- [SUPPLIED INFORMATION]:
-- -- --
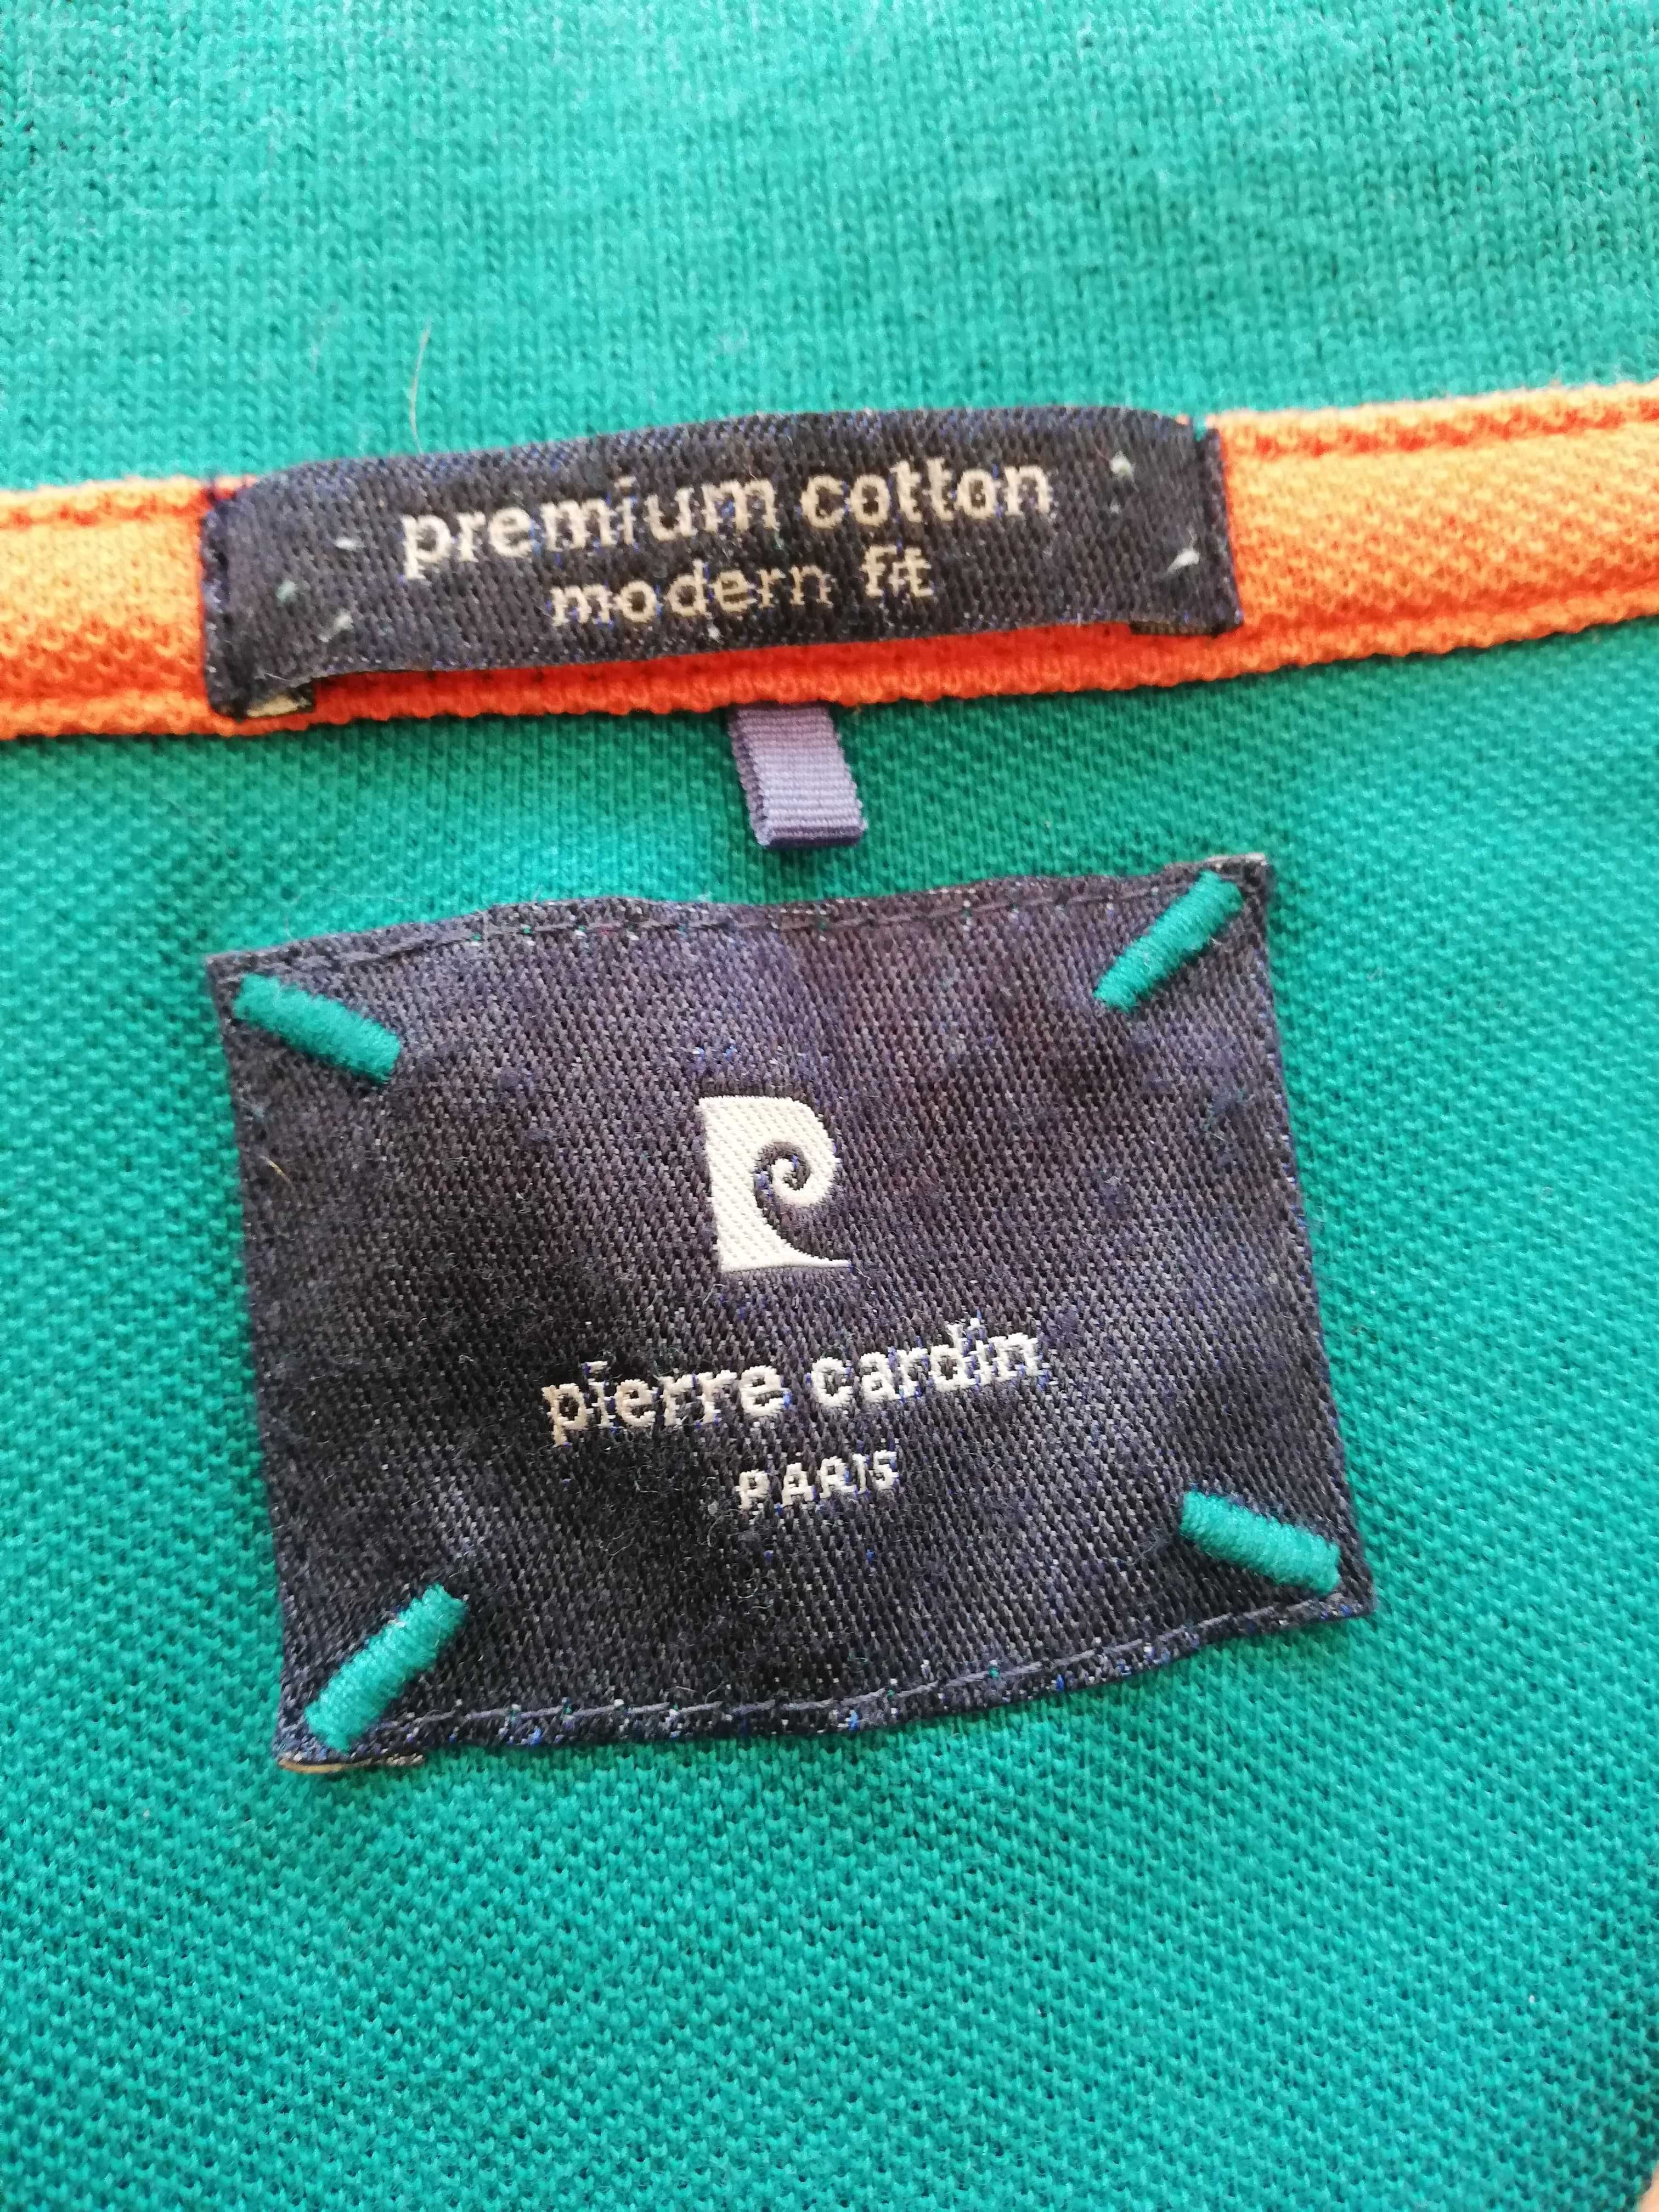 Pierre Cardin  6XL, bardzoo duże, stan bdb, bawełna, zielony
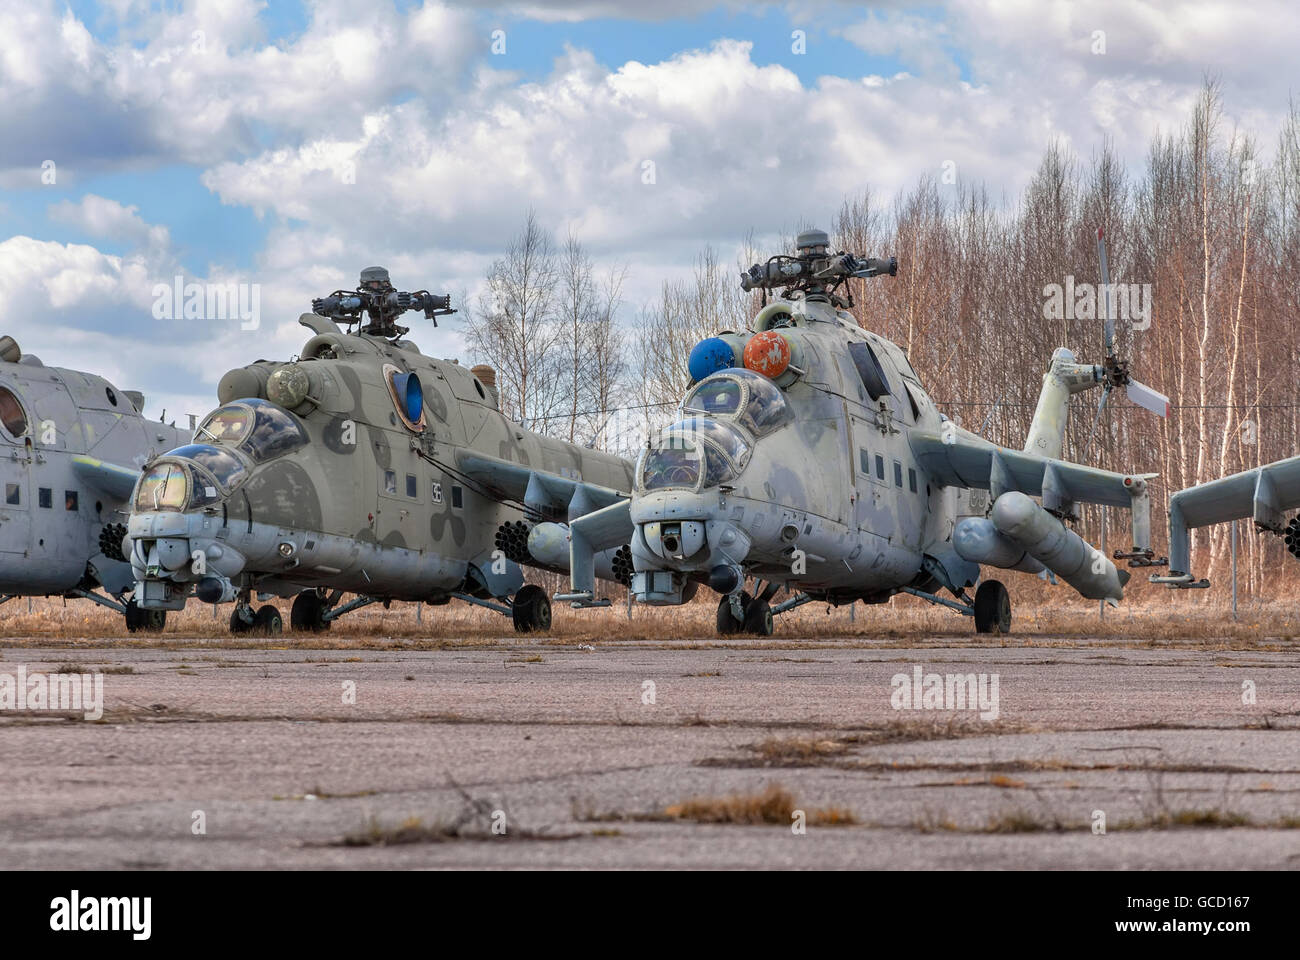 L'hélicoptère d'attaque Russe abandonnée Banque D'Images
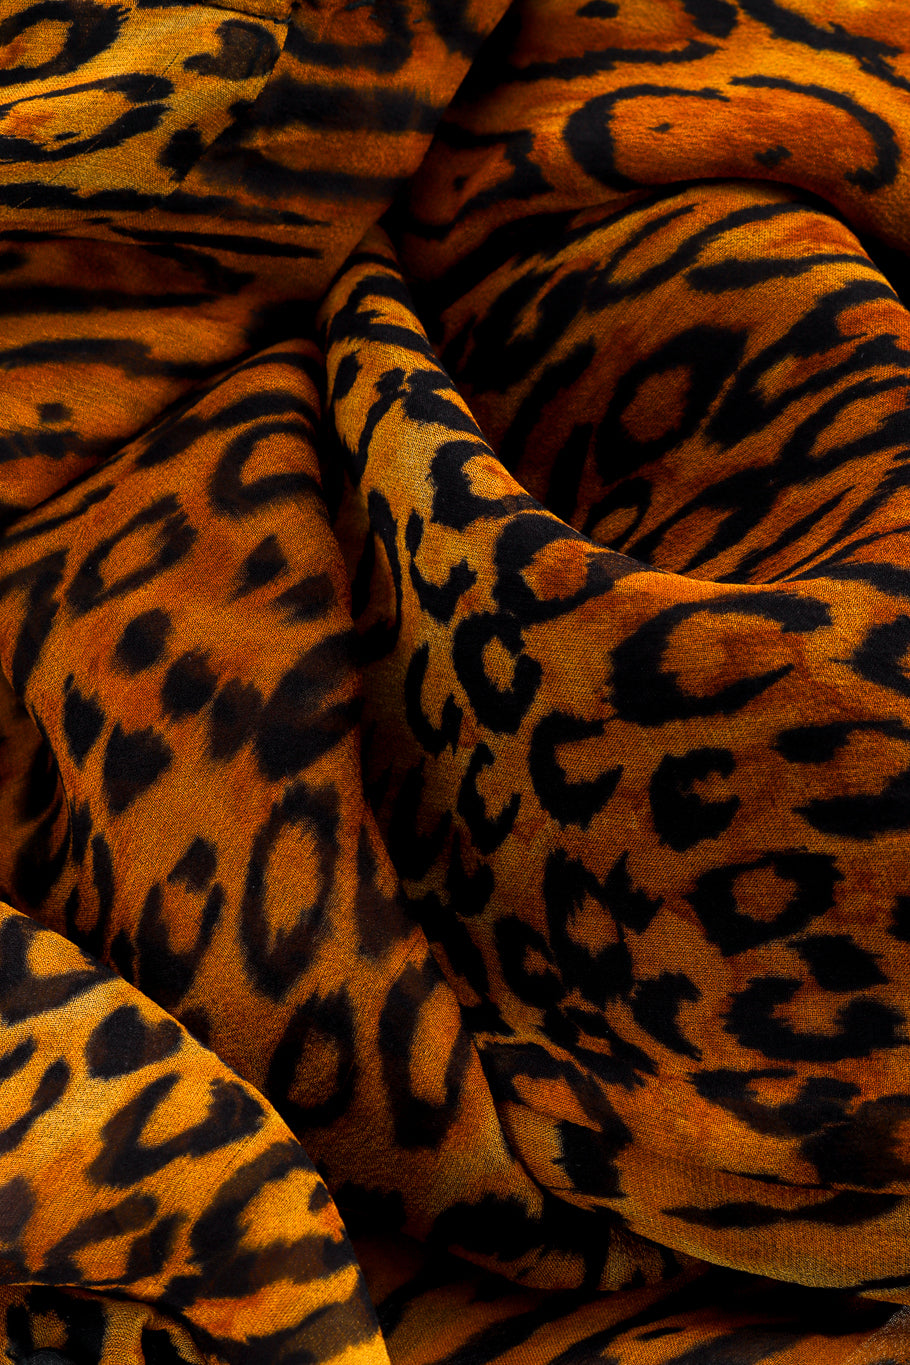 Vintage Oscar de la Renta Leopard Silk Jumpsuit fabric closeup @recessla
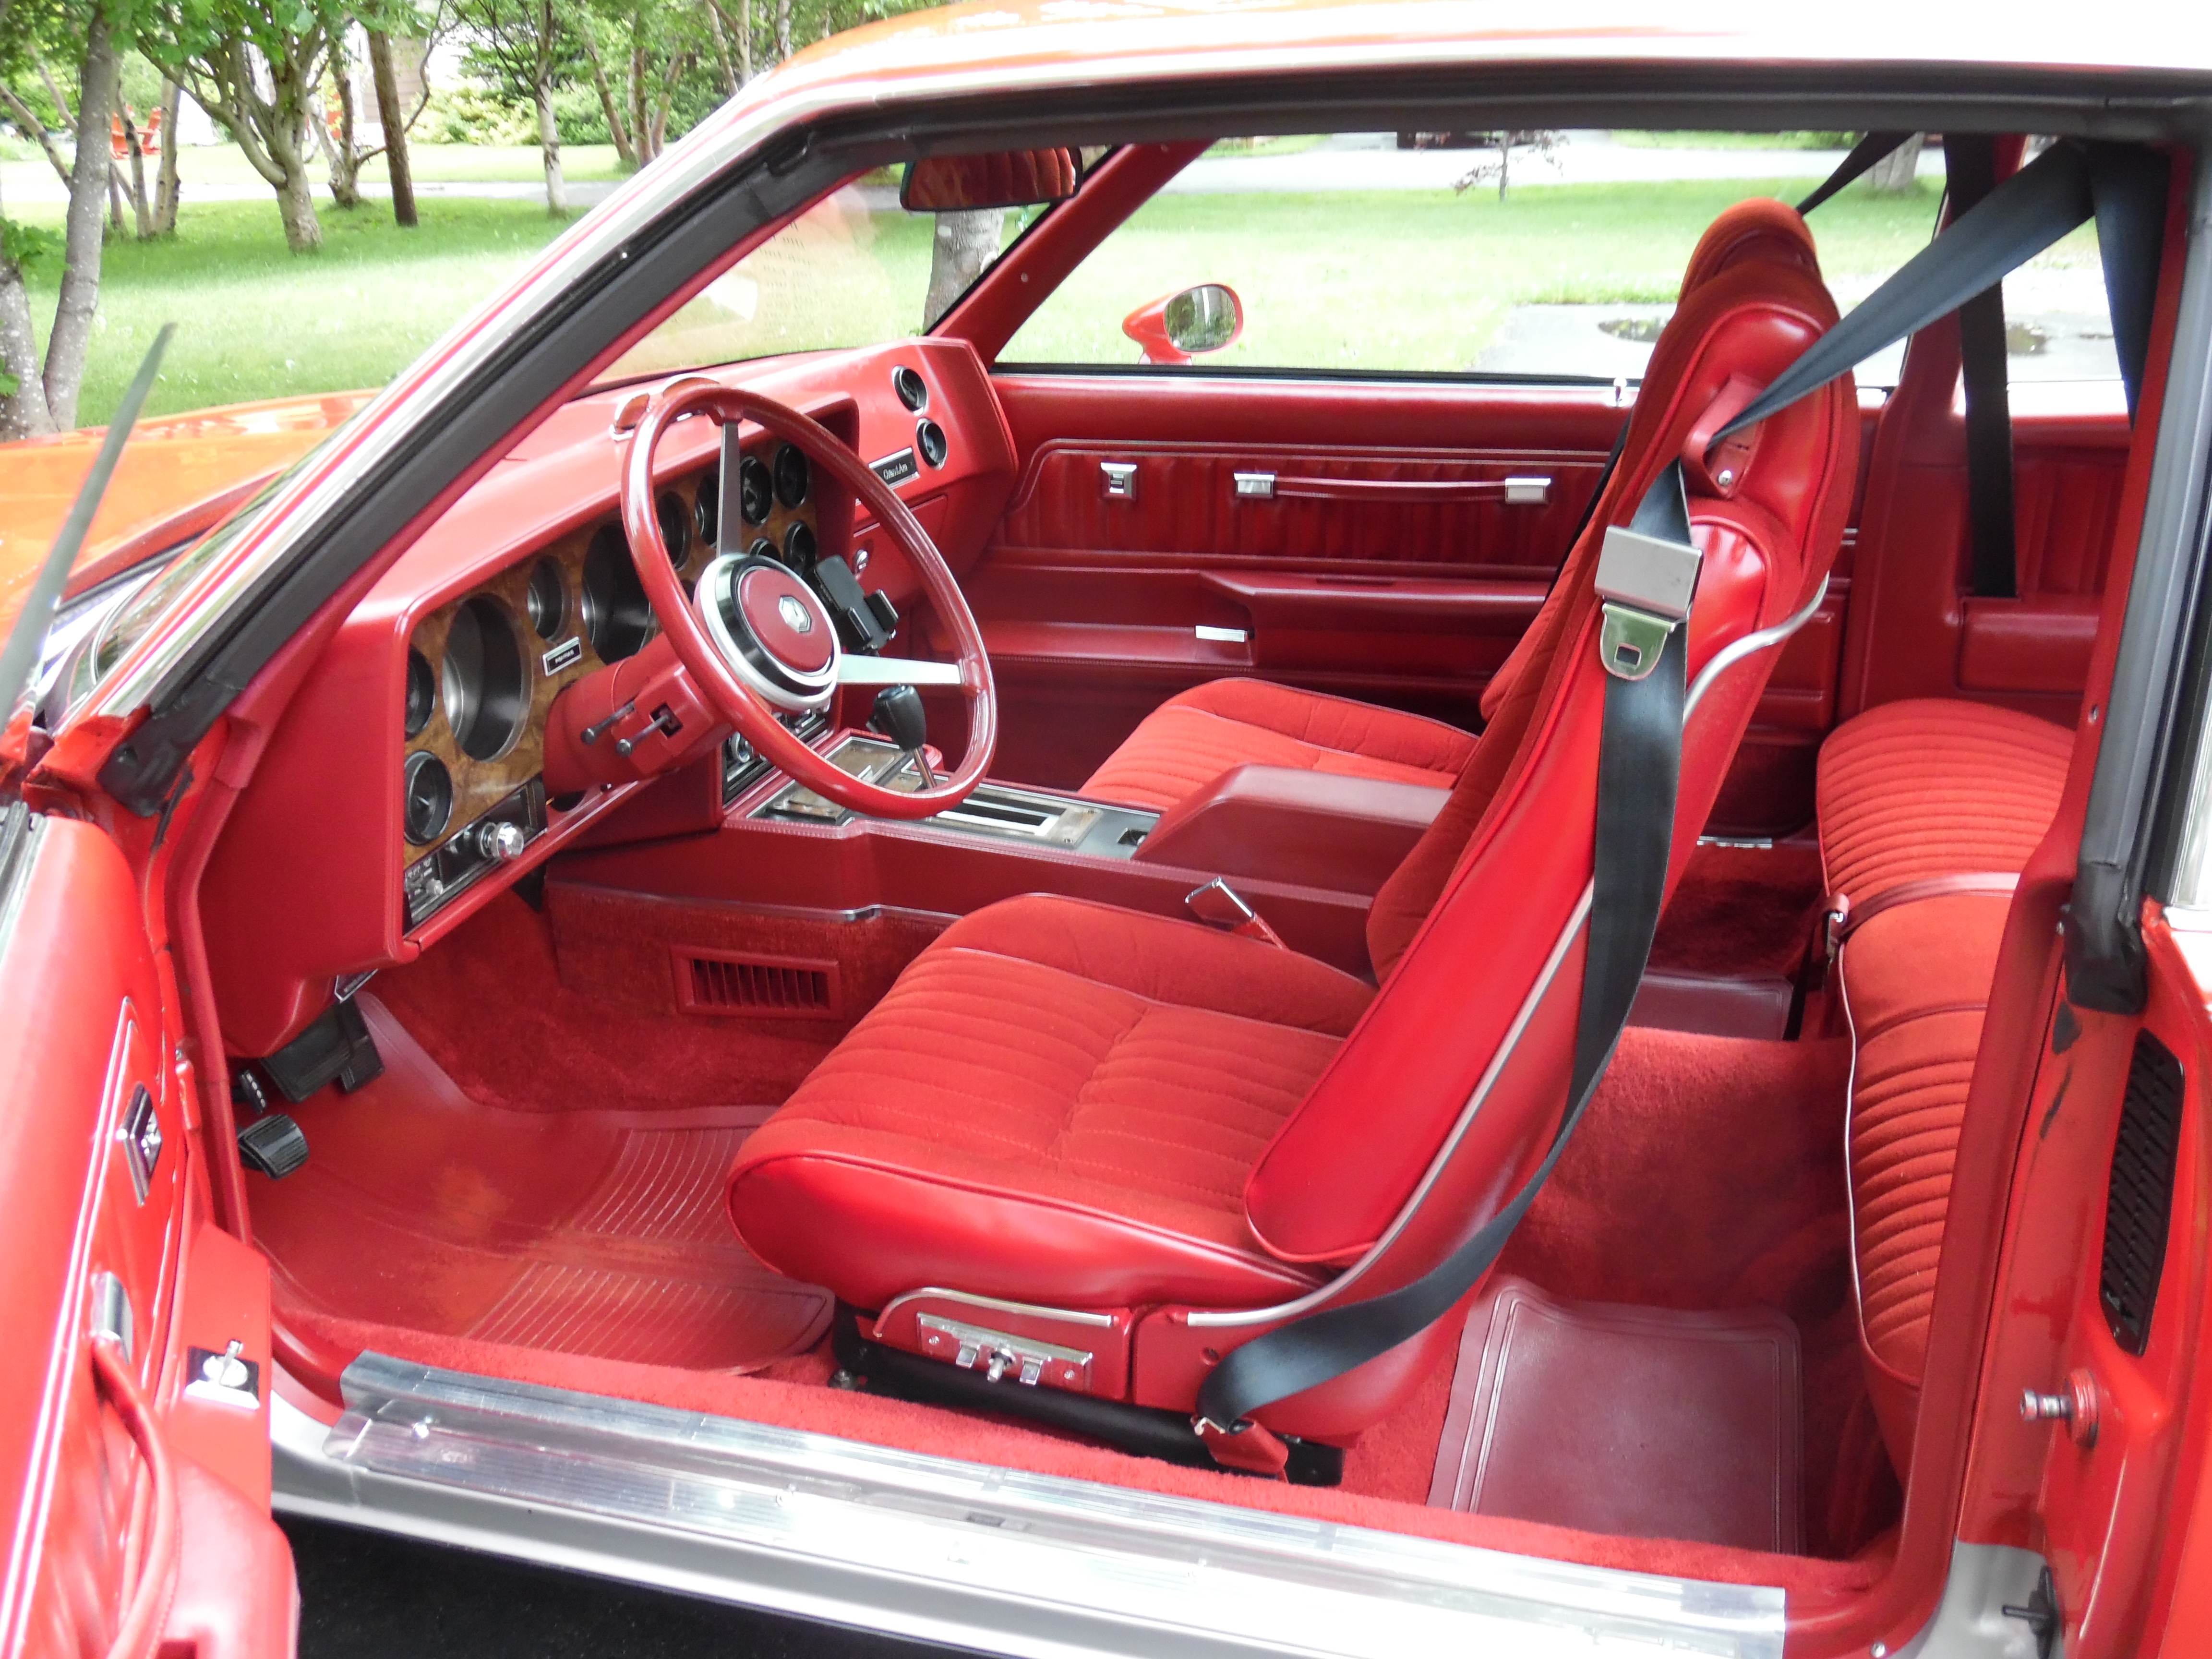 1978 Grand Am seats reupholstered | GBodyForum - '78-'88 General Motors
-- -- --
- [WORK TO COMPLETE]:
The expected output is the full material above, word for word, without pictures.

- [RESPONSE TO THE EXERCISE]:
 Pierre Cardin  6XL, bardzoo duże, stan bdb, bawełna, zielony
 L'hélicoptère d'attaque Russe abandonnée Banque D'Images
 Vintage Oscar de la Renta Leopard Silk Jumpsuit fabric closeup @recessla
 1978 Grand Am seats reupholstered | GBodyForum - '78-'88 General Motors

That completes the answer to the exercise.